Por qué fracasan los países: los MBA como señal de alarma

Esta parece una época que será convulsa, económica y políticamente. Hacen falta nuevas ideas y nuevas perspectivas, pero estamos inmersos en un contexto que nos impide pensar con sensatez

Foto: Conferencia europea de 'think tanks'. (EFE/Javier Lizón)
Conferencia europea de 'think tanks'. (EFE/Javier Lizón)

Las noticias educativas que llegan de Asia son muy preocupantes. Nos hablan de adolescentes que dedican sus jornadas enteras al estudio, ya sea en la educación formal o principalmente en la complementaria, y que viven inmersos en la competitividad extrema. Entre los estudiantes de Corea del Sur circula un dicho ilustrativo: el que duerme más de cinco horas diarias no ingresa en una escuela superior, y es algo más que una frase hecha. Los problemas de estrés y depresión están muy extendidos entre los jóvenes surcoreanos.

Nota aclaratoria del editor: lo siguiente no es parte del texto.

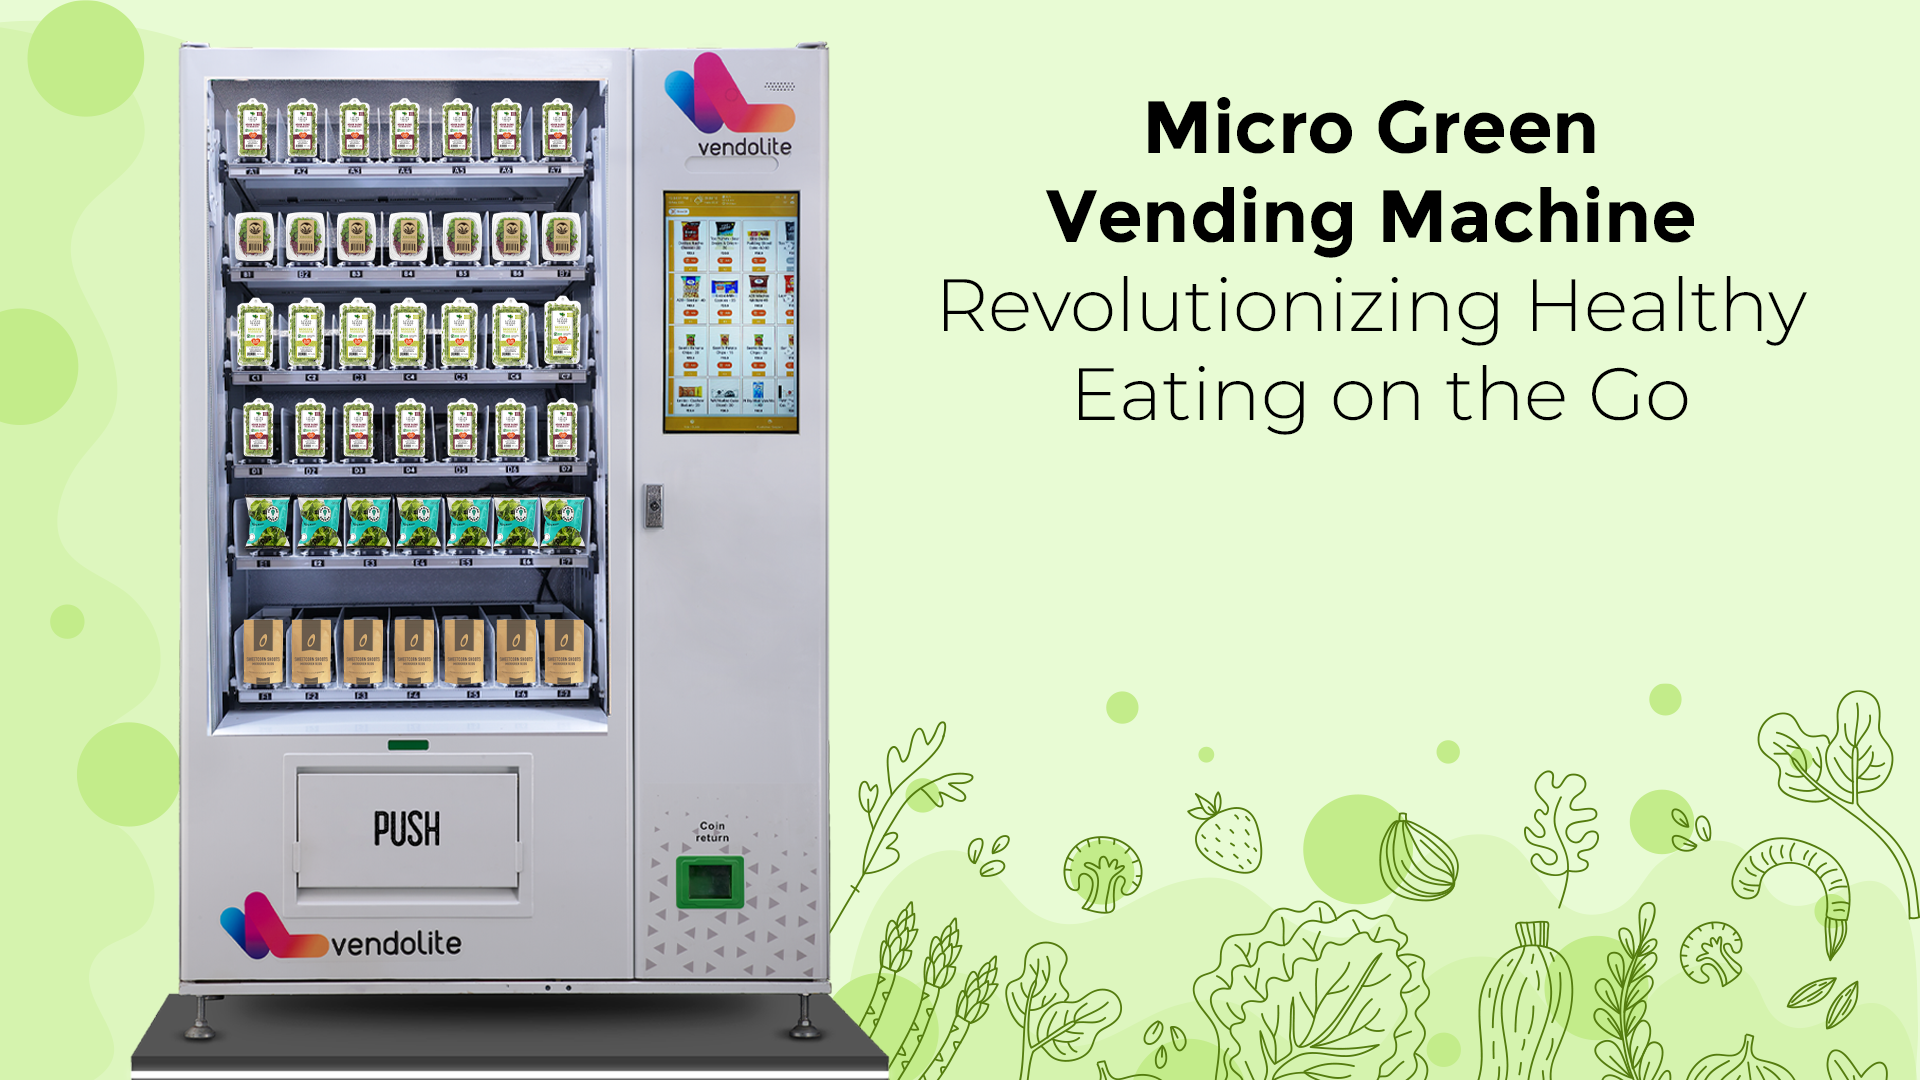 Micro Green Vending Machine: Revolutionizing Healthy Eating on the Go

No es un problema exclusivo de un país. Se nota en ciudades económicamente pujantes, como Singapur o Hong Kong, pero también en el régimen chino. El 'gaokao', el examen que permite el ingreso en la educación superior, supone una suerte de drama anual en el que muchas familias colocan sus esperanzas de futuro, y que los estudiantes preparan con mucho esfuerzo y ansiedad. Por supuesto, la utilización de trampas o de atajos para lograr el objetivo deseado no es infrecuente.

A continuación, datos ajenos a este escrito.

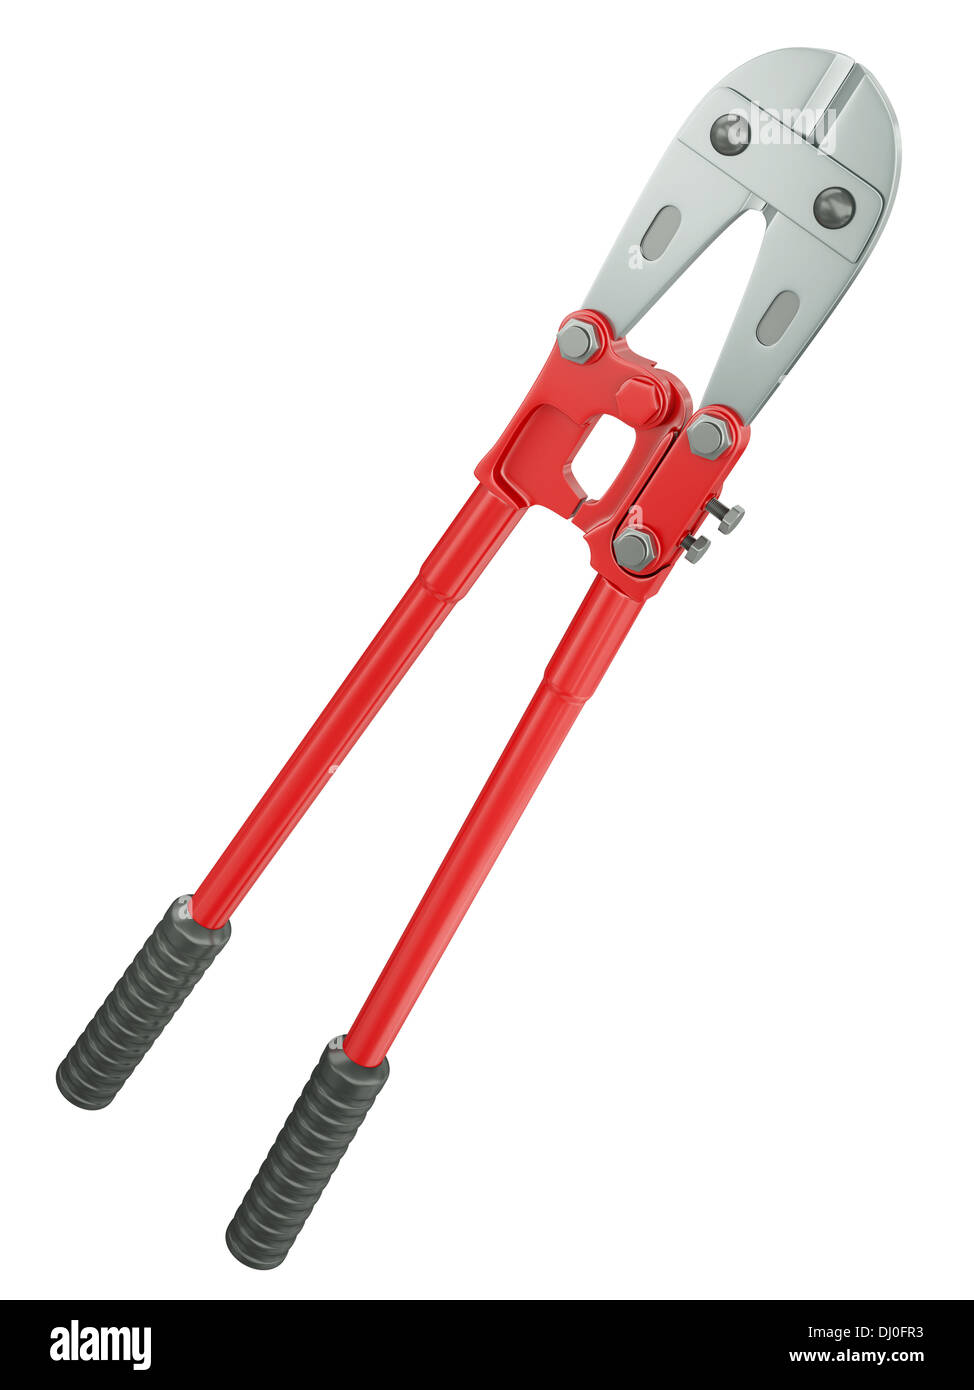 Red bolt cutter isolated on a white background. 3D rendered illustration. Stock Photo

Foto: Transportistas en huelga. (Jesús Monroy/EFE)

En algunos ámbitos de Occidente, sistemas tan exigentes son vistos como útiles en última instancia, ya que la cultura del esfuerzo se percibe como perdida. En segundo lugar, que se haya abandonado la idea de la formación humanista para dedicar mucho más tiempo a la adquisición de conocimientos técnicos es entendido como una lógica demanda de la época. Se debe poner énfasis en los contenidos pragmáticos, y más aún en la universidad. Esa idea, sin embargo, opera sobre todo en la educación privada, porque en la pública se prioriza una visión mucho menos exigente.

1. Aprendiendo a competir

Esta es una discusión falsa, sin embargo. Esa educación pragmática no produce personas más formadas, sino más competitivas. Los estudiantes inmersos en ellas aprenden que el objetivo primero “es estar por delante del resto de la manada, cueste lo que cueste”. Lo esencial es contar con un expediente académico brillante, no la cantidad de conocimiento que se hace propio. No es el humanismo contra la técnica, sino el éxito contra el fracaso.

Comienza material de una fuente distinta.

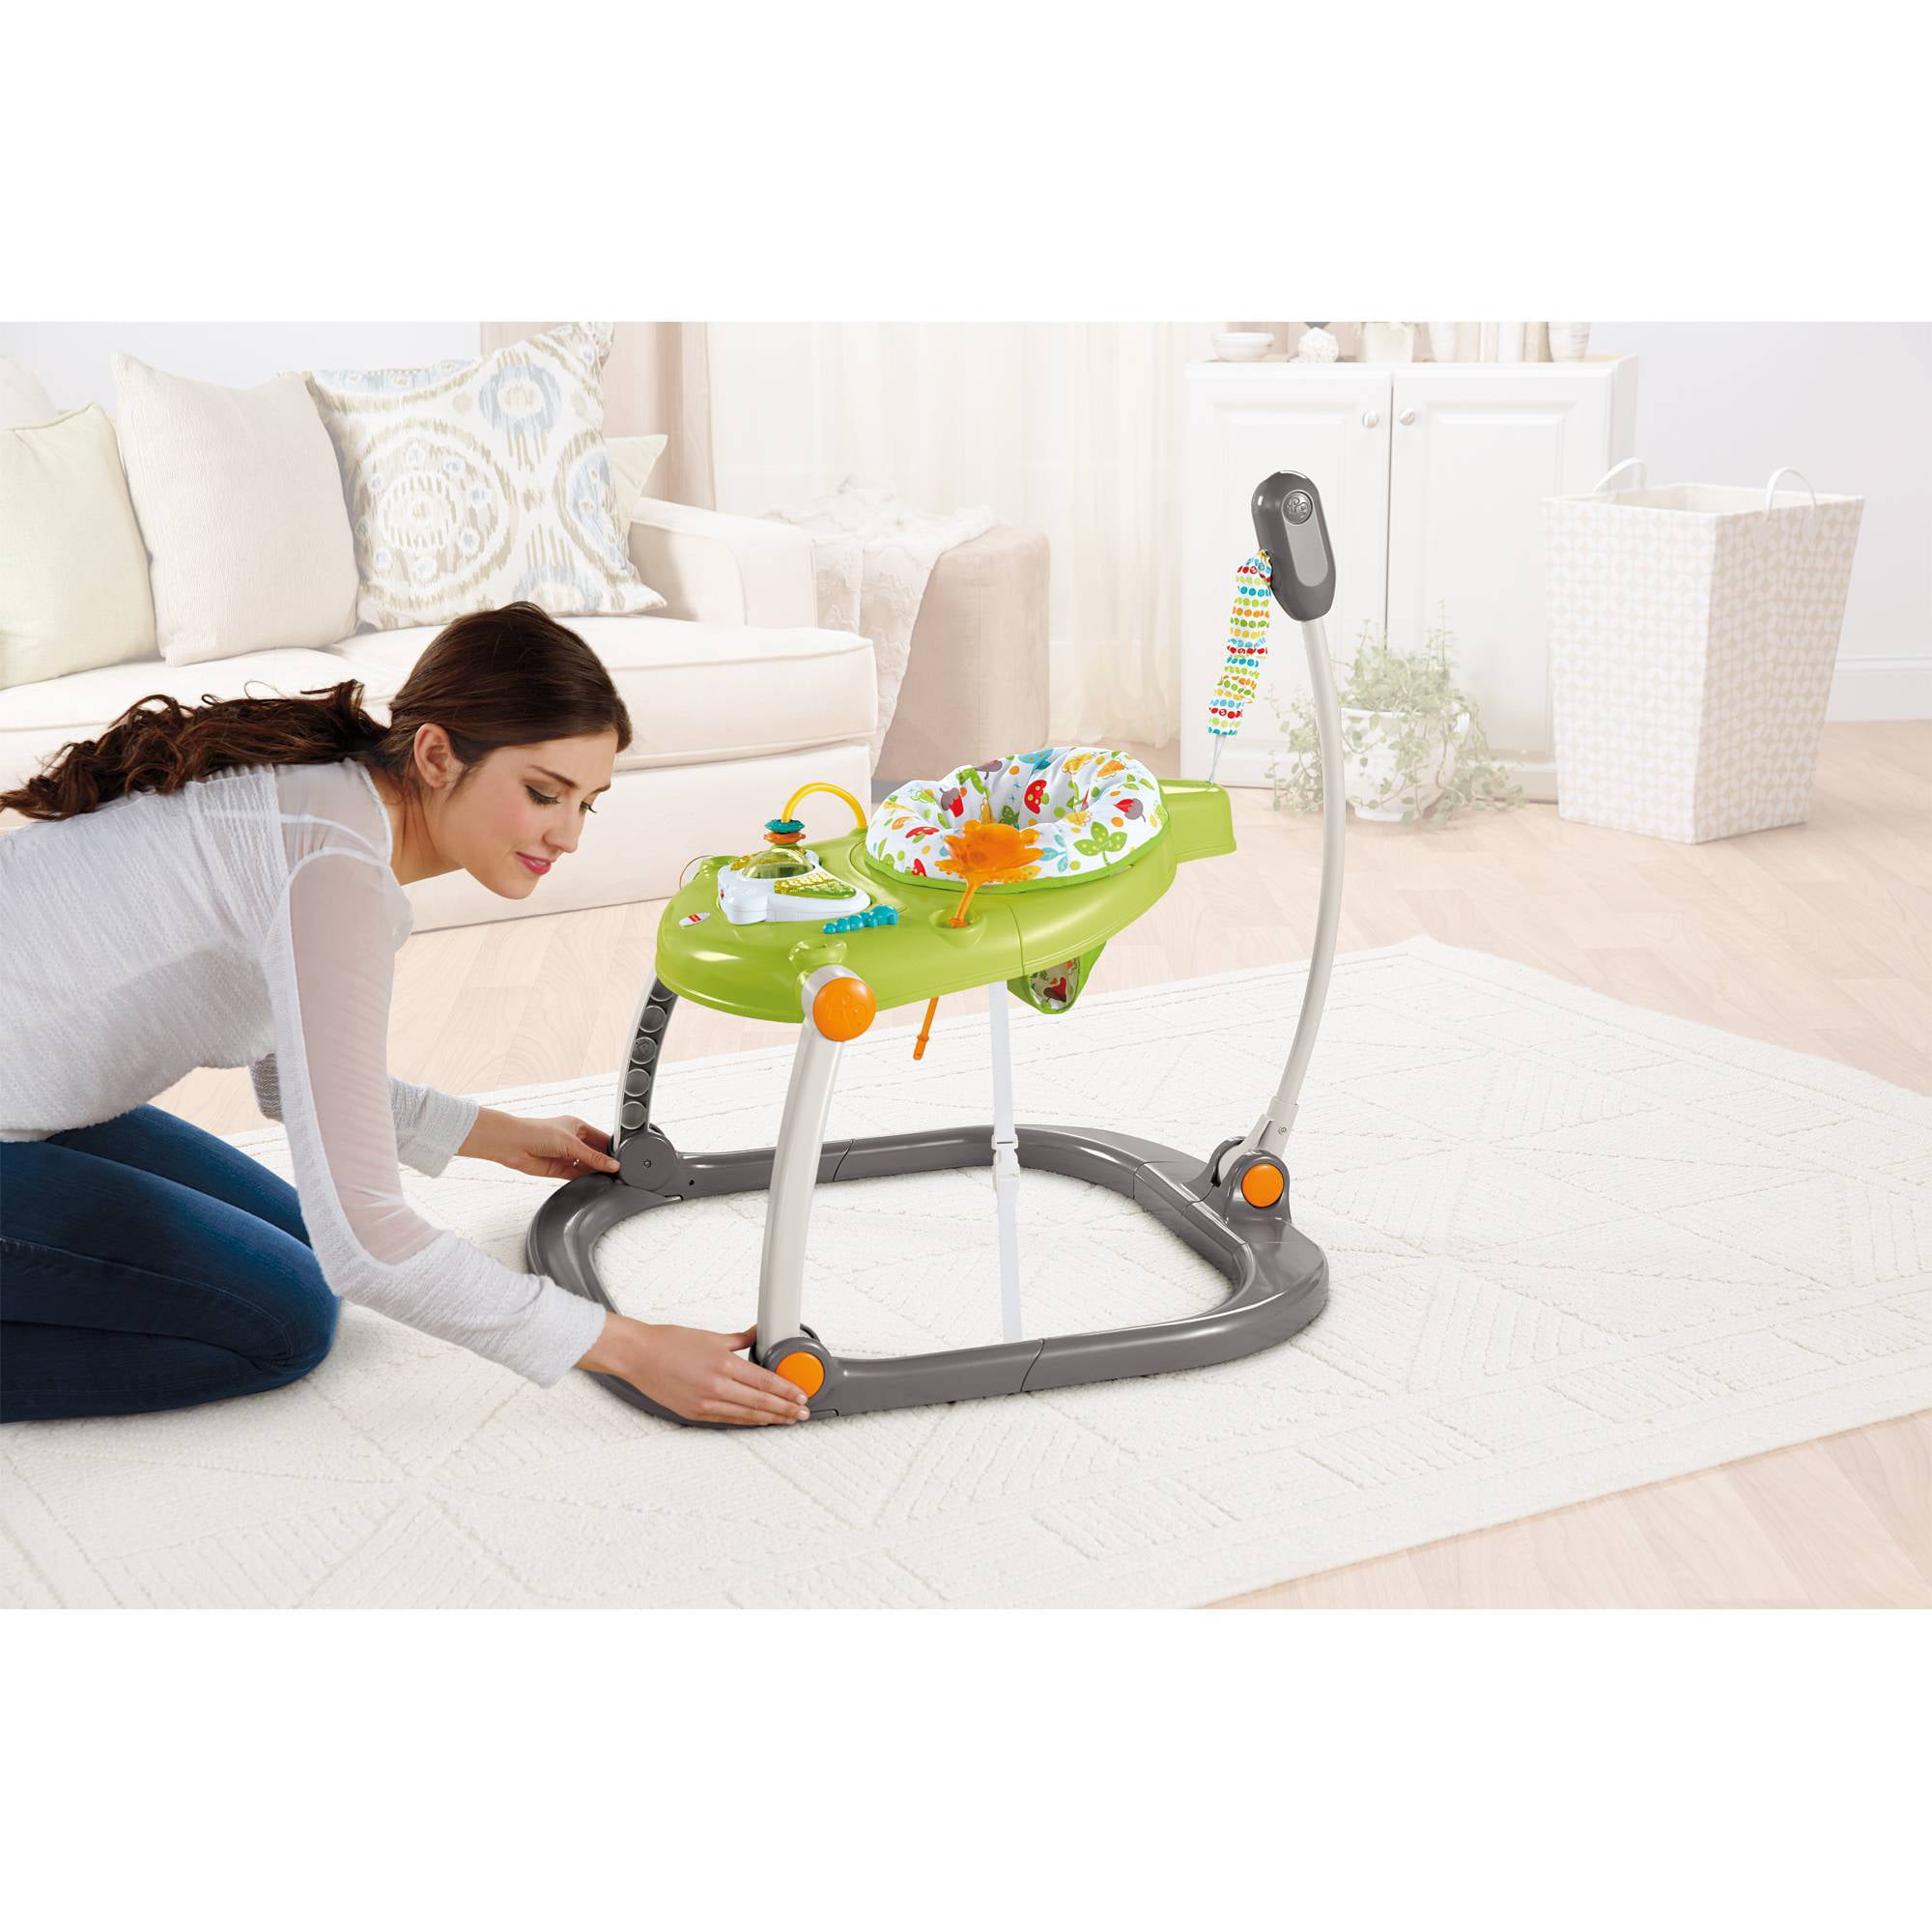 fisher price compact jumperoo

Ese es el resultado último de ese modelo asiático de formación. Y podemos entenderlo como un mal puramente oriental, producto de una mentalidad que no es la nuestra. Tampoco sería cierto. Nuestro sistema es cada vez más parecido al reinante en ese lado del Pacífico, y, si es menos competitivo, es porque los mecanismos de selección de élites operan desde edades tempranas, con lo que se reducen mucho las posibilidades de acceso a buena parte de la población. En España, hay poco debate público al respecto, pero los centros de élite están volviéndose cada vez más competitivos al mismo tiempo que el resto relaja la exigencia. En esos ámbitos, lo importante es aprender a aprender. Los dos modelos terminan siendo empobrecedores por motivos diferentes.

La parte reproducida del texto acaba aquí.